The Dresden Academy of Fine Arts (German Hochschule für Bildende Künste Dresden), often abbreviated HfBK Dresden or simply HfBK, is a vocational university of visual arts located in Dresden, Germany. The present institution is the product of a merger between the famous Dresden Art Academy, founded in 1764, the workplace and training ground of a number of influential European artists, and another well-established local art school, Hochschule für Werkkunst Dresden, after World War II.

History

Buildings

One of three buildings of today’s Dresden Academy of Fine Arts, the former Royal Academy of Arts, built in 1894, is located at a prominent position in town on Brühl's Terrace just next to the Frauenkirche.
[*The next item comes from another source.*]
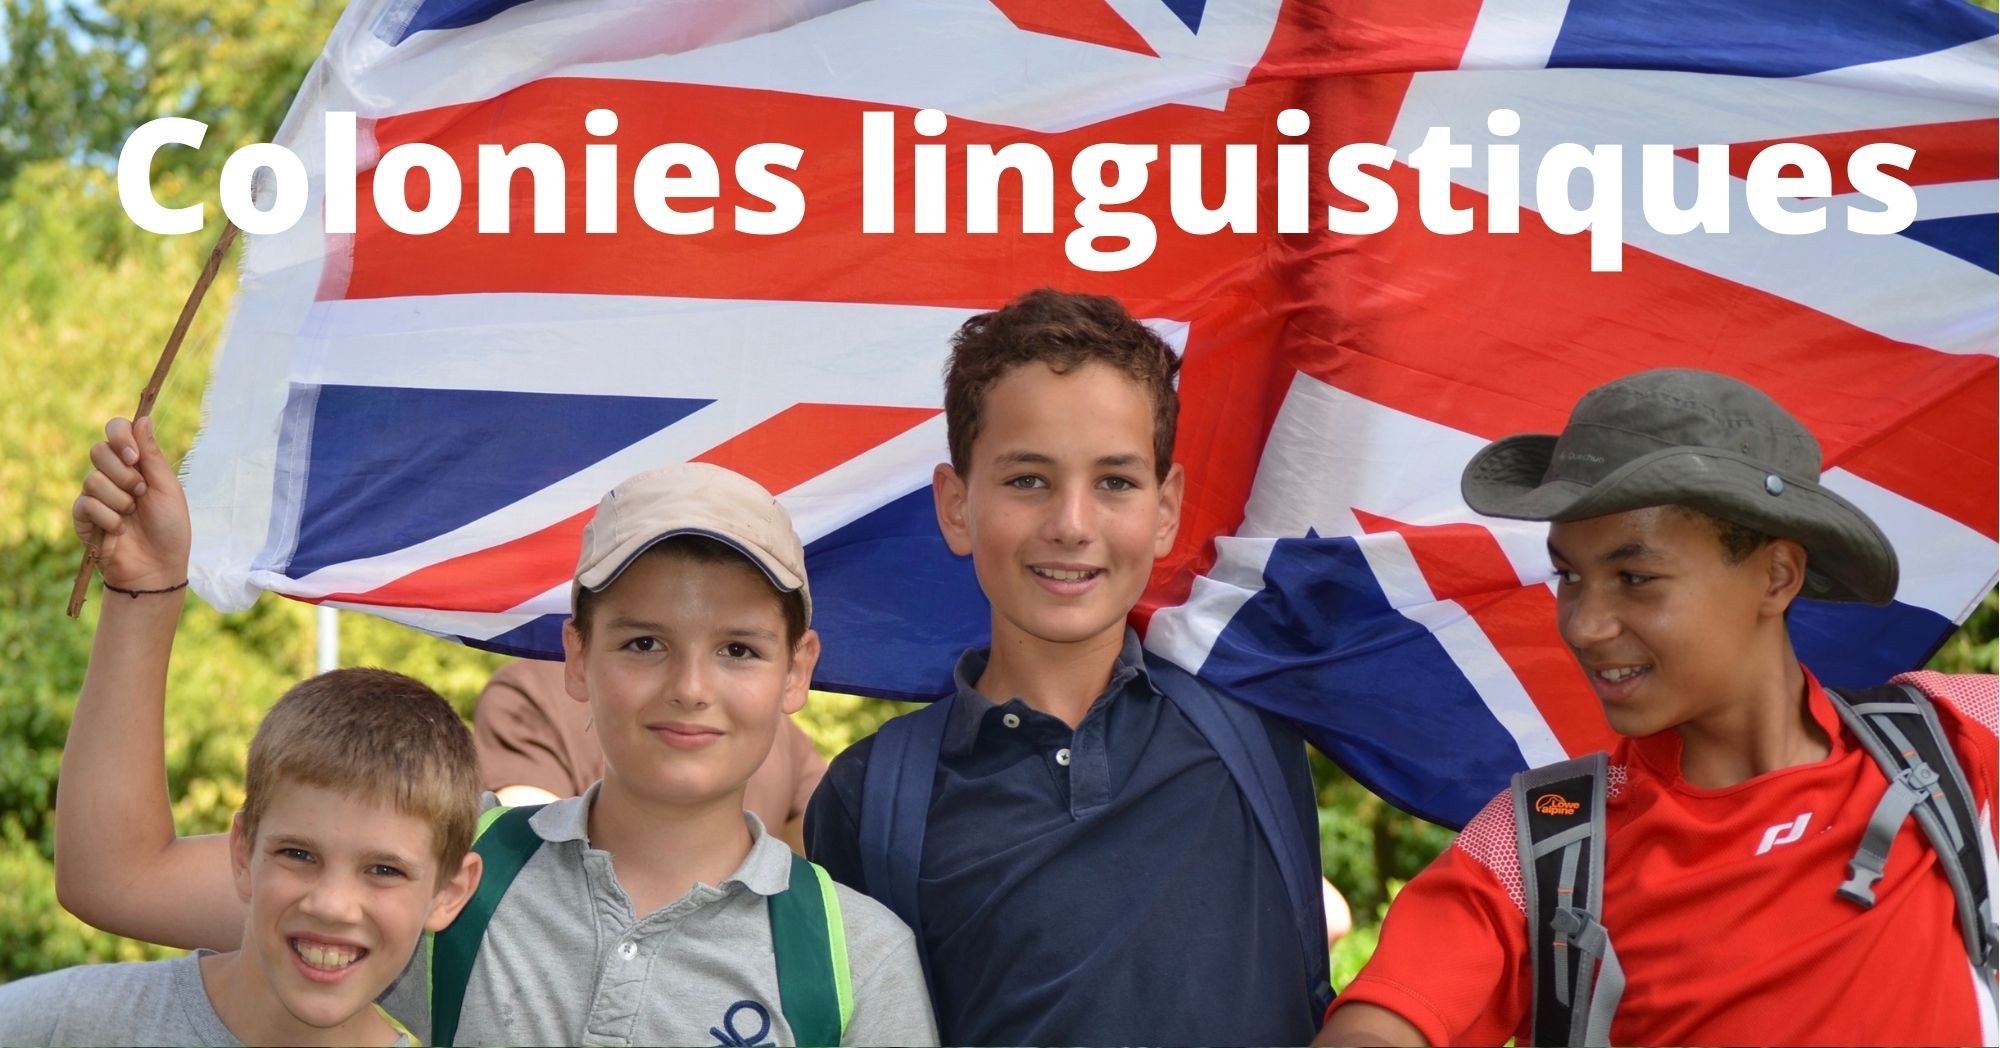 Colonies linguistiques

Since 1991, the building built by Constantin Lipsius on Brühl's Terrace between 1887 and 1894 – the glass dome of which is also known as Lemon Squeezer due to its form – has been heavily renovated and the parts that were destroyed during World War II were reconstructed. The studios for painting/graphic arts/sculpture/other artistic media, the graphic workshops, the rector's office and the exhibition rooms of the Academy, which house the annual graduation exhibitions of the graduates, are located on Brühl's Terrace.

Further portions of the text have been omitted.